Requirement: This exercise asks for an exact copy of the lines from the one containing "Magni-ruler, WOF-MR10, 1 Colour Imprint" through the final line of the material, with pictures omitted.

Dataset extract:
★ ★ ★ ★ ★

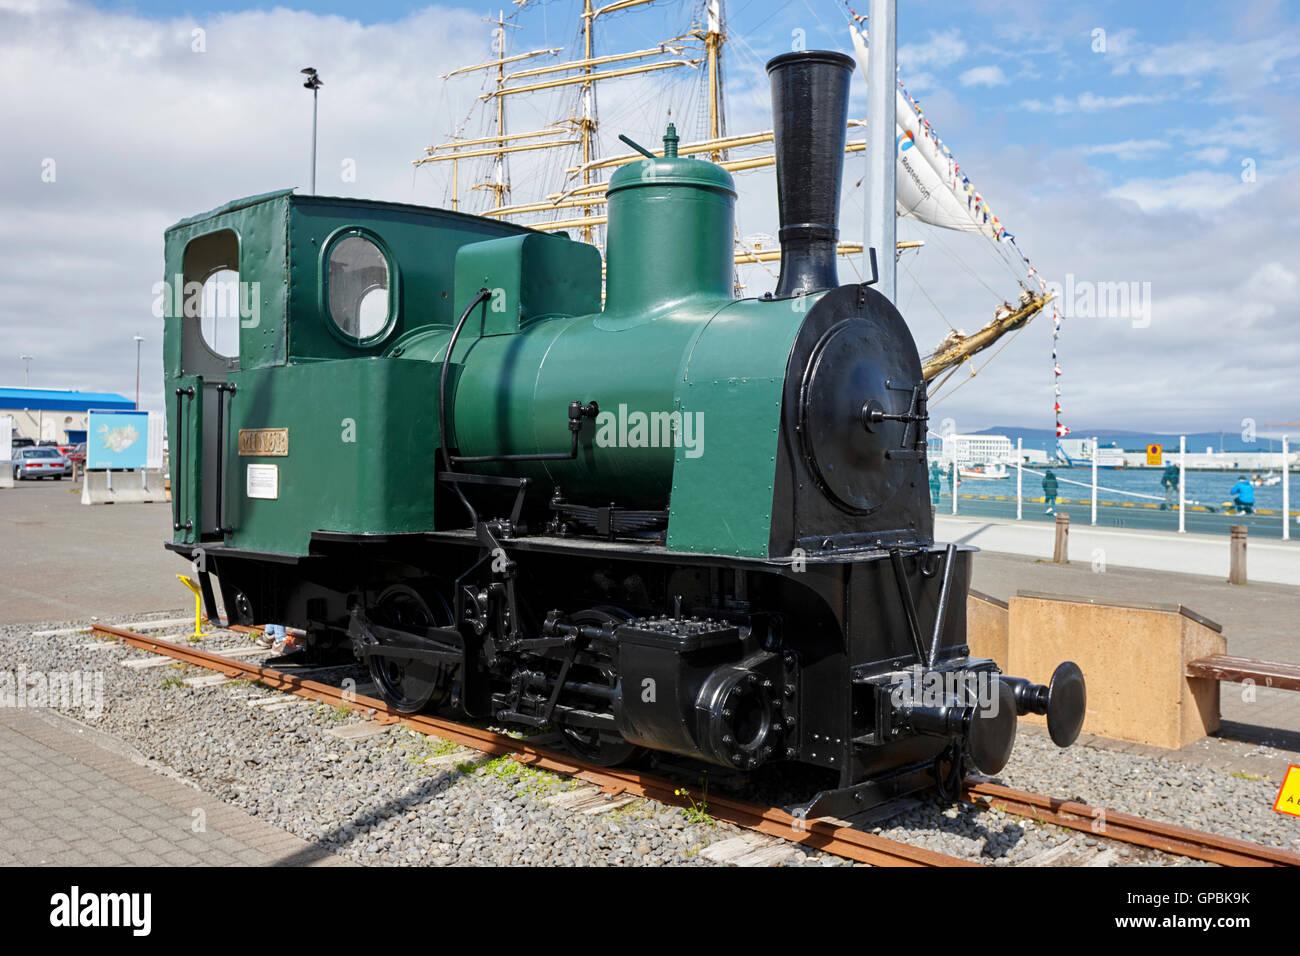 early icelandic steam locomotive minor exhibited in reykjavik harbour Iceland - Stock Image
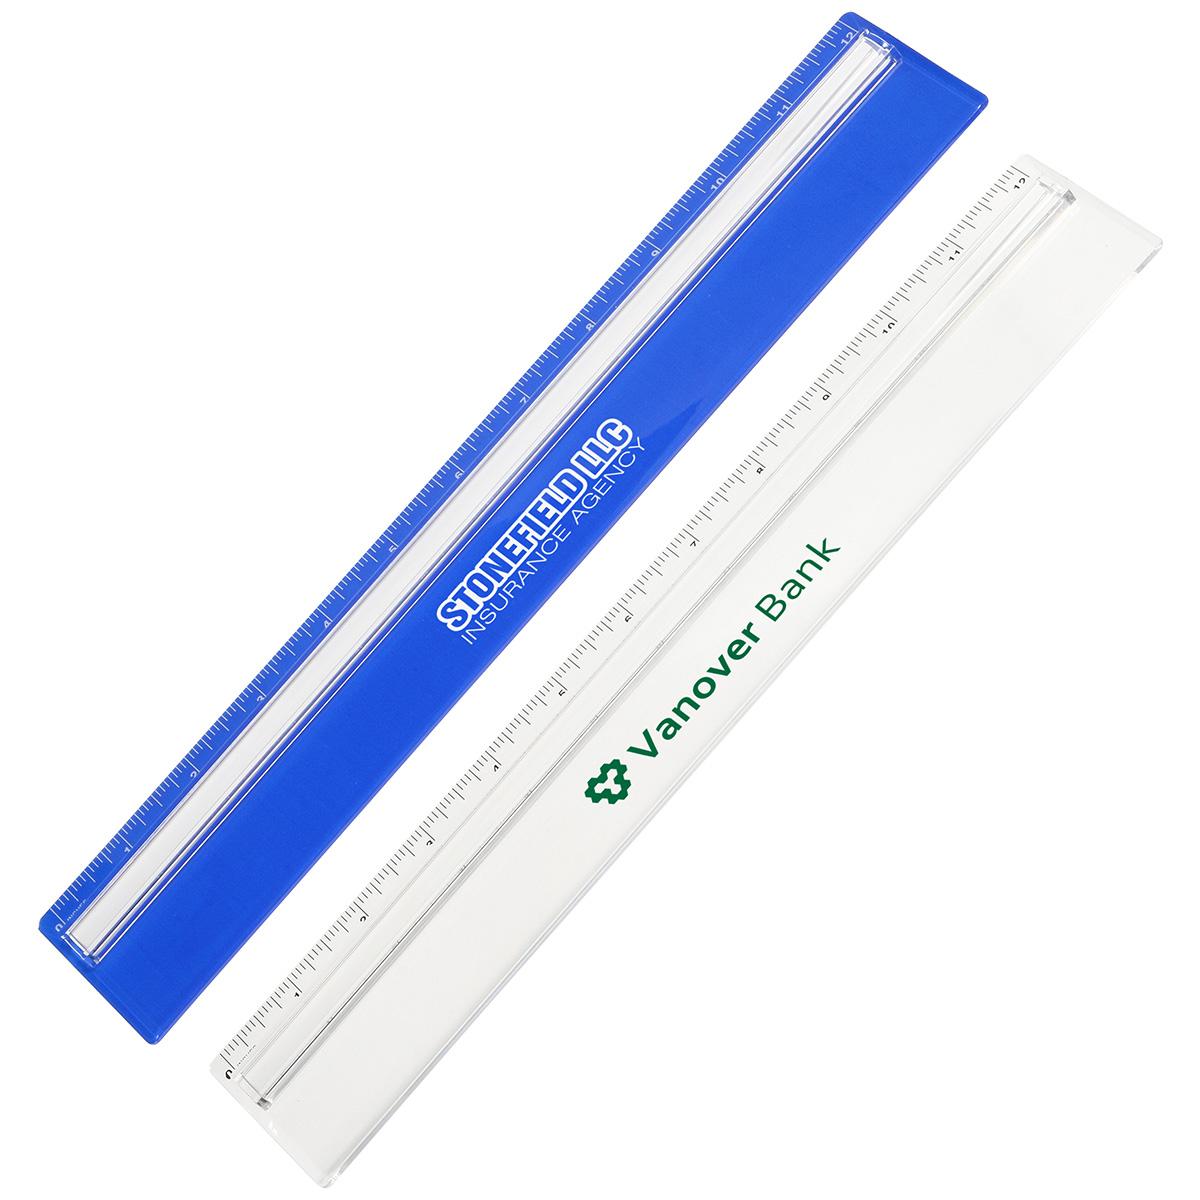 Magni-ruler, WOF-MR10, 1 Colour Imprint
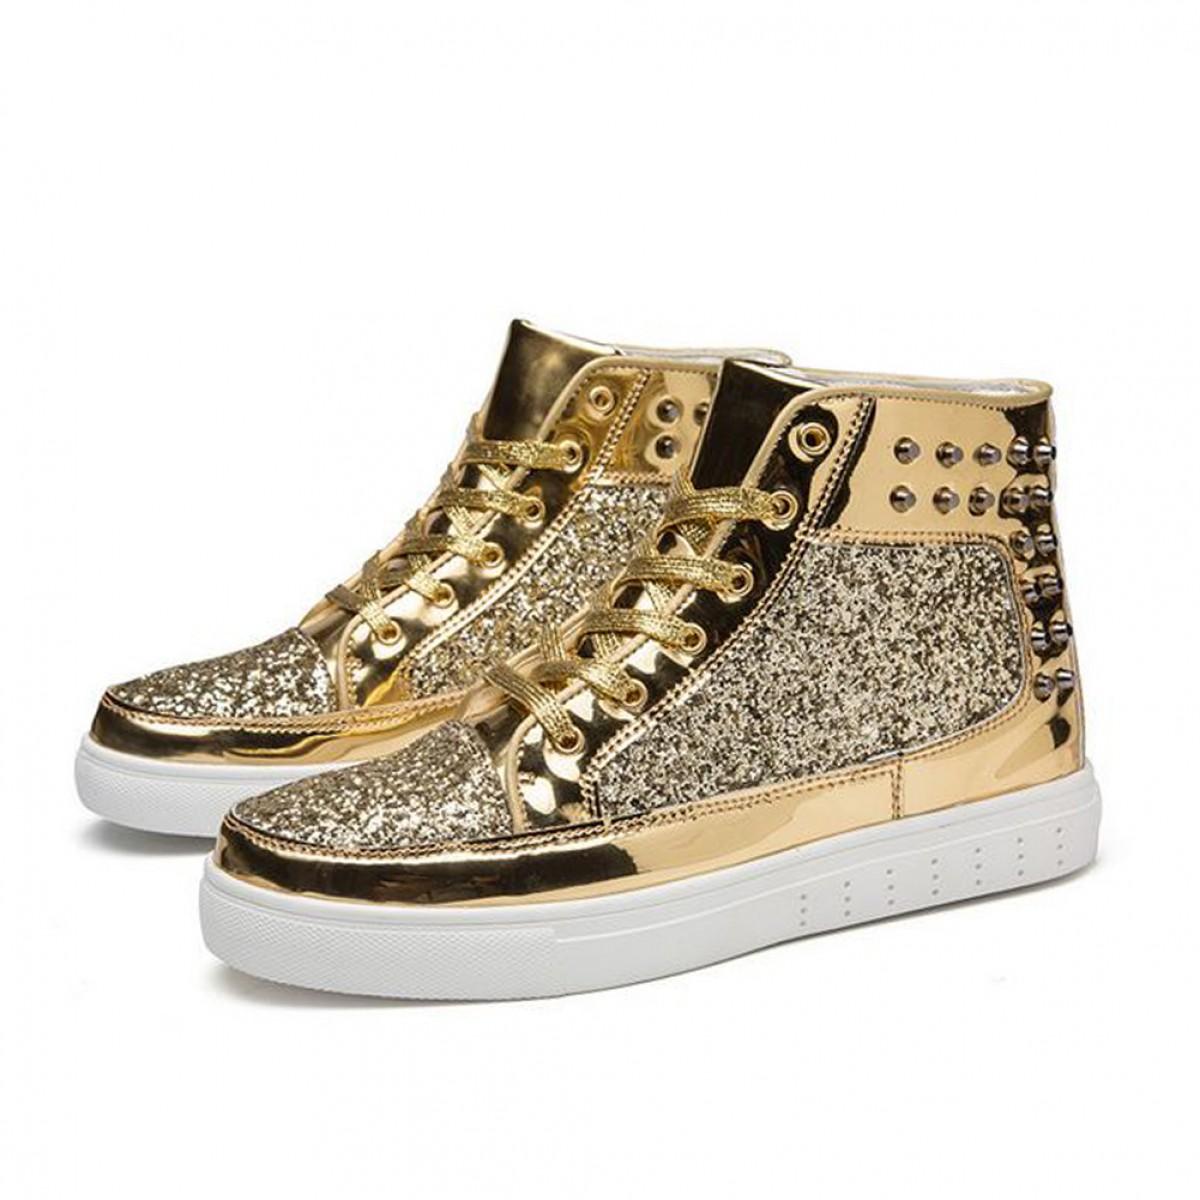 Gold Glitter High Tops Sizes 6.5-10.5  05ee4e26c

★ ★ ★ ★ ★

Finished exercise:
 Magni-ruler, WOF-MR10, 1 Colour Imprint
 Gold Glitter High Tops Sizes 6.5-10.5  05ee4e26c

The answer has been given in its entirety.